When Harlow, or one of his colleagues, introduced a frightening stimulus into the monkeys’ cage, those with a towelling mother would race to her for protection. Those with a wire mother did not. They would only seek out the wire mother when she provided food.

Strange, he thought, she hadn’t got off the train. Tears aside, he would have figured her to be one of them. Well dressed, she was certainly one of the beautiful people. And now, and now she sat alone in her misery. He allowed himself a little snort of irony. She’d been alone before – but within the crowd it had seemed less obvious. Now though it was screamingly apparent. She’d been abandoned by her pack to suffer what the world had to throw her. Alone. Alone and vulnerable. He could almost hear the rasp of his skin as he rubbed the blade with his thumb.

Her stop had come and gone. She’d watched helplessly as the others had left her. Rendered torpid in her sadness, she’d been unable to join them, to meet even the most simple of challenges. She felt lost. And then she saw him.

When placed in unfamiliar surroundings, the young rhesus monkeys would seek comfort in their towelling mothers. They would hold on to her until they felt it was safe to explore their new world. Those placed in unfamiliar surroundings alone, or with only their wire mother, froze in fear and sucked their thumbs as they cried and screamed with fear.

Fuck, she’d seen him. He’d been staring right at her in the otherwise empty carriage and she’d seen him. Oxford Circus. His eyes darted towards the doors and then back to her. No-one had come on. It was still too early for tourists. Ok, he thought, he’d have a couple of minutes before the next stop. Opportunities like this don’t come around every day. With his eyes locked on hers he strode confidently towards her.

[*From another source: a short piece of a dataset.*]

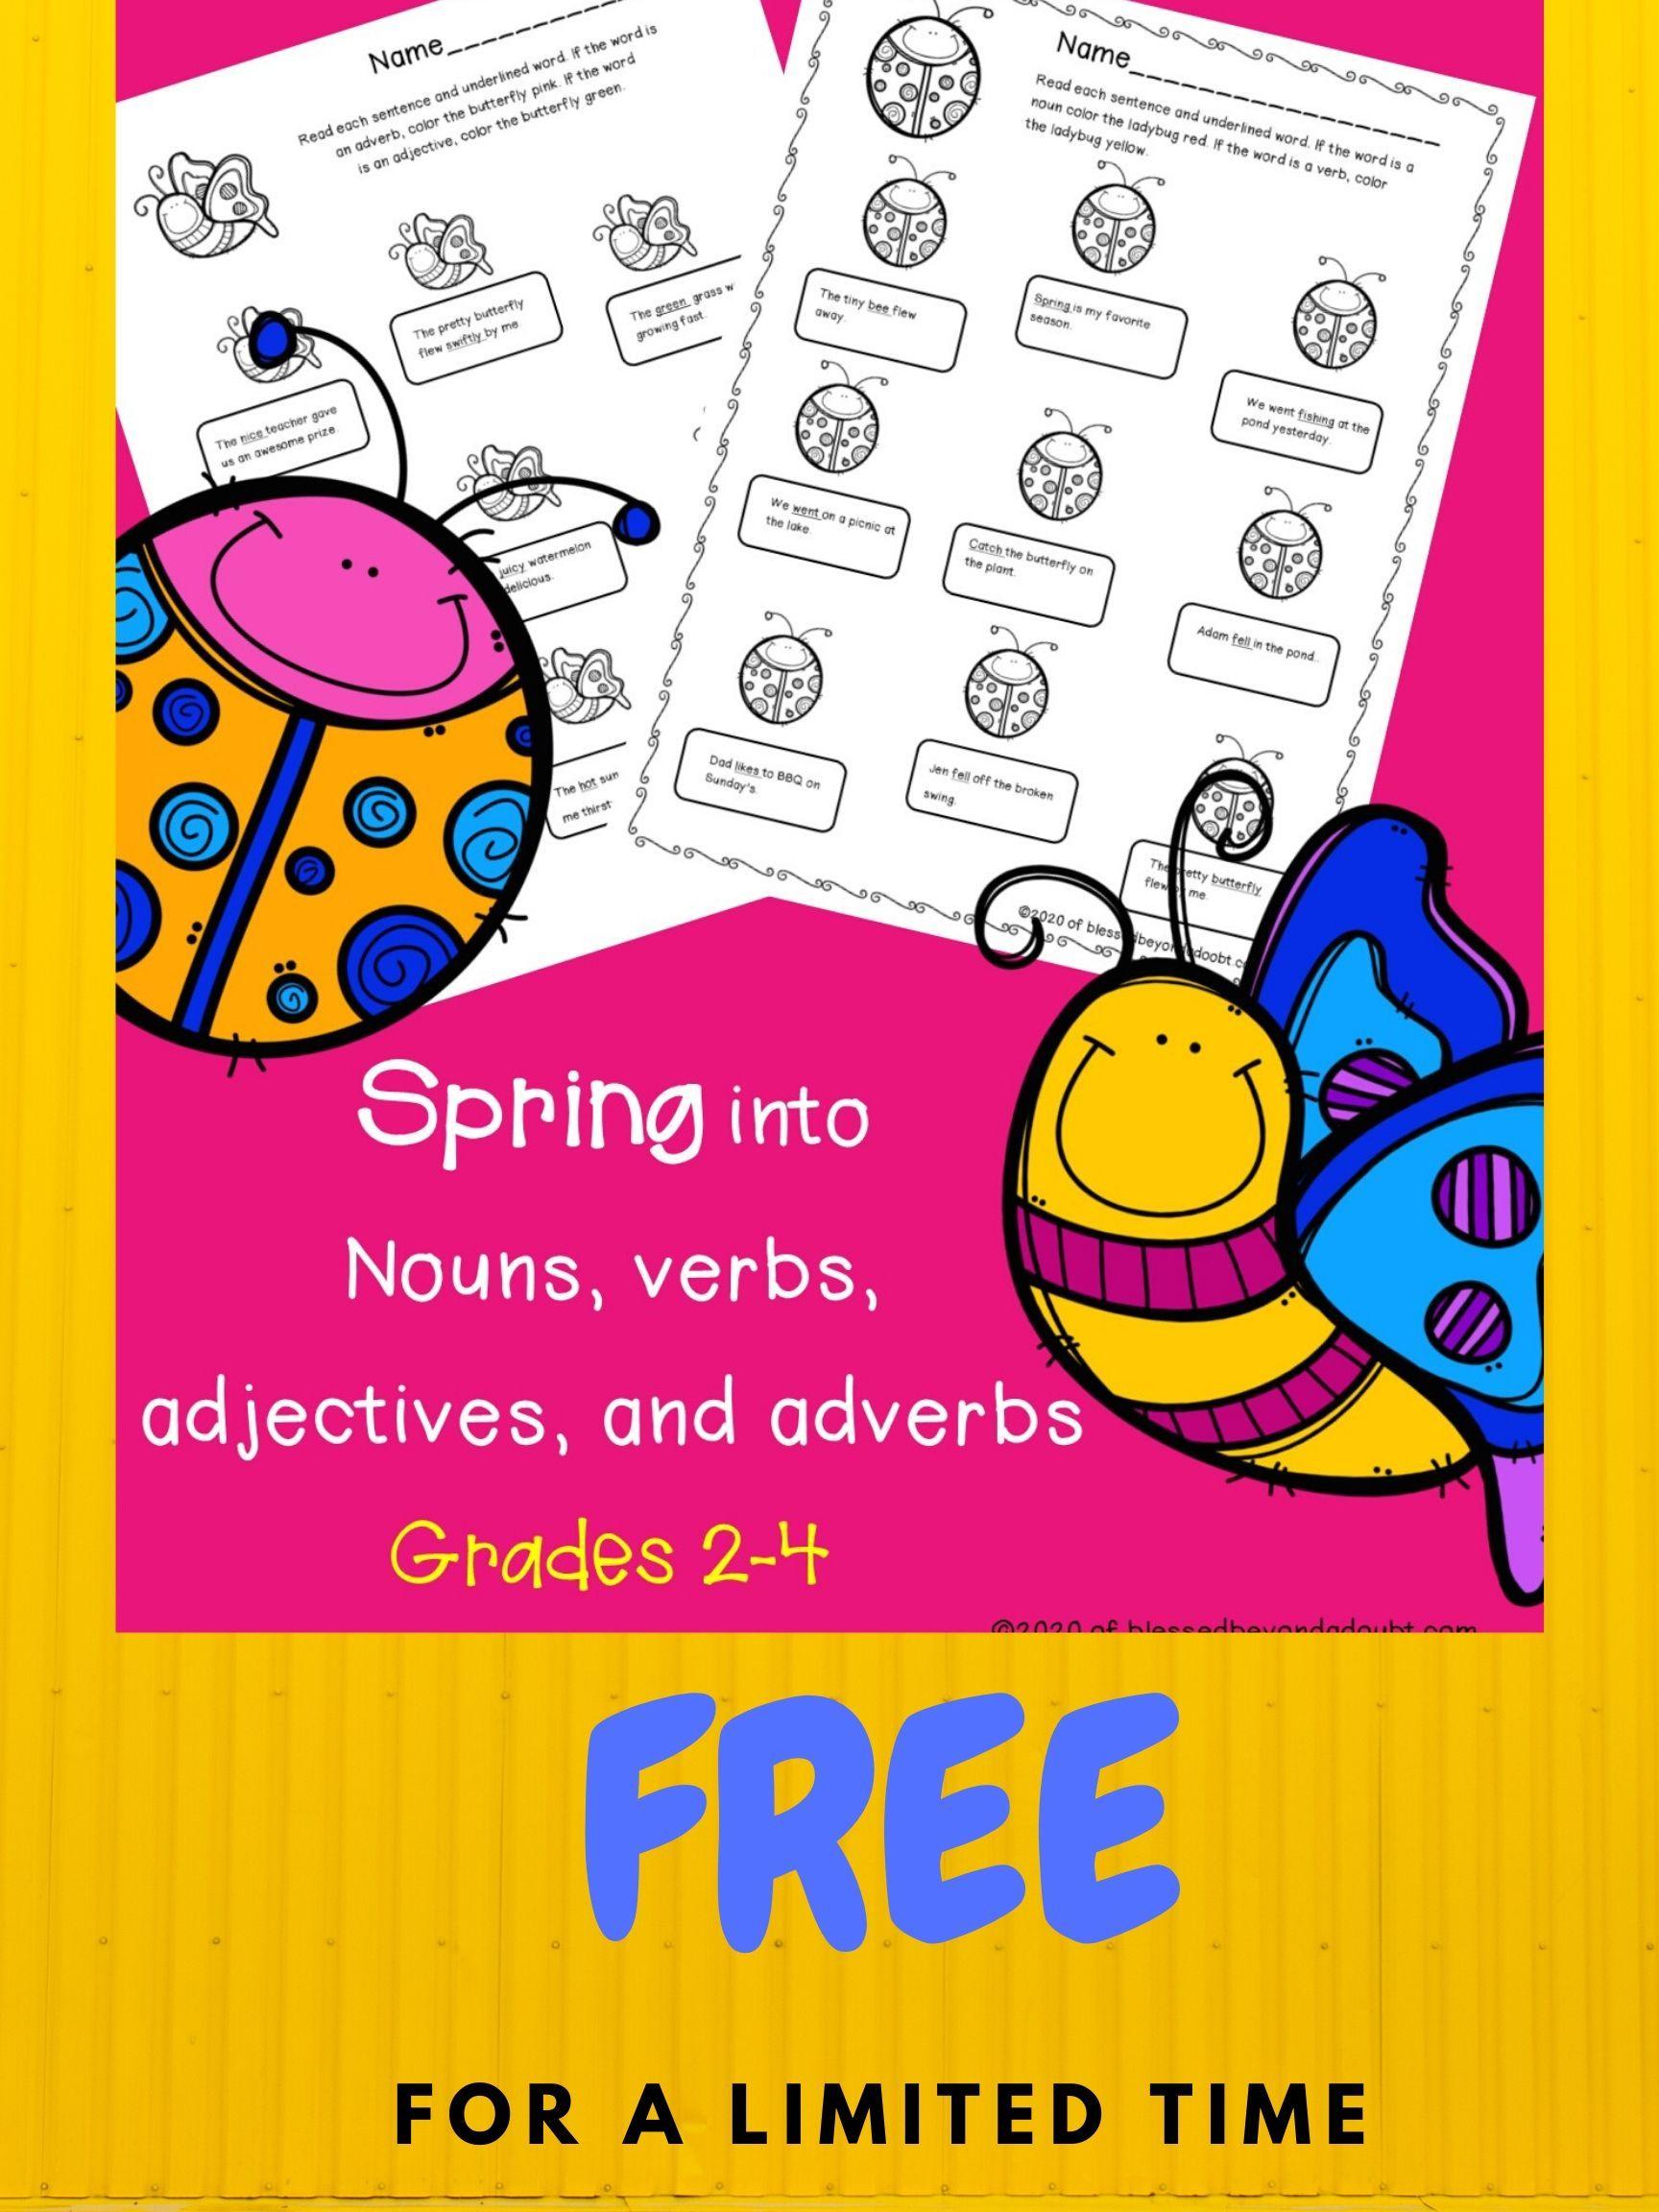 Free Spring Grammar Worksheets Blessed Beyond A Doubt Parts Of Speech Worksheets Grammar Worksheets Free Homeschool Printables [ 2304 x 1728 Pixel ]

How could she have been so stupid? She’d been so lost in her pathetic emotion she hadn’t stopped for one moment to consider the risk she’d put herself in. If only she’d shown her face at the office. She could have told her boss what had happened, listened to a few platitudes and then gone home early. Passively she watched her assailant as he came ever closer.

Harlow had overthrown the zeitgeist that emotions were of little value, that children bonded with their mothers because of the connection with food. In his experiments, he claimed that children craved physical contact and comfort and that they were every bit as important as nourishment.

With his hands thrust deep in his coat pockets and his eyes never leaving hers he arrived on her side of the coach. His heart was pounding as his thumb rasped again and again over the blade.

Her tears flowed easily as she looked up at the black youth standing before her. He was dressed in a baggy coat, wearing what she would have called a ‘beanie’ hat. His lips were slightly parted – he appeared anxious, his breathing was rapid. She felt strangely relaxed.

He stood looking down at her for what seemed an age. She was slightly younger than his mum. She looked a mess. In one swift movement he squatted as he removed his hands from his pockets, “Are you alright?” he looked at her earnestly as he reached out and touched her shoulders.

She was tired and defeated, “No, no I’m not alright,” her tears welled and flowed with renewed passion as, at last, she allowed herself to cry hard.

“Hey, hey…” he embraced her, pulling her sad head closer to him.

She closed her eyes as she welcomed the kindness, the softness and the compassion.

“Sshh now, sshh now,” he whispered as he felt her body convulse in anguish, “It’s gonna be alright…you’ll see…you’re gonna be alright.”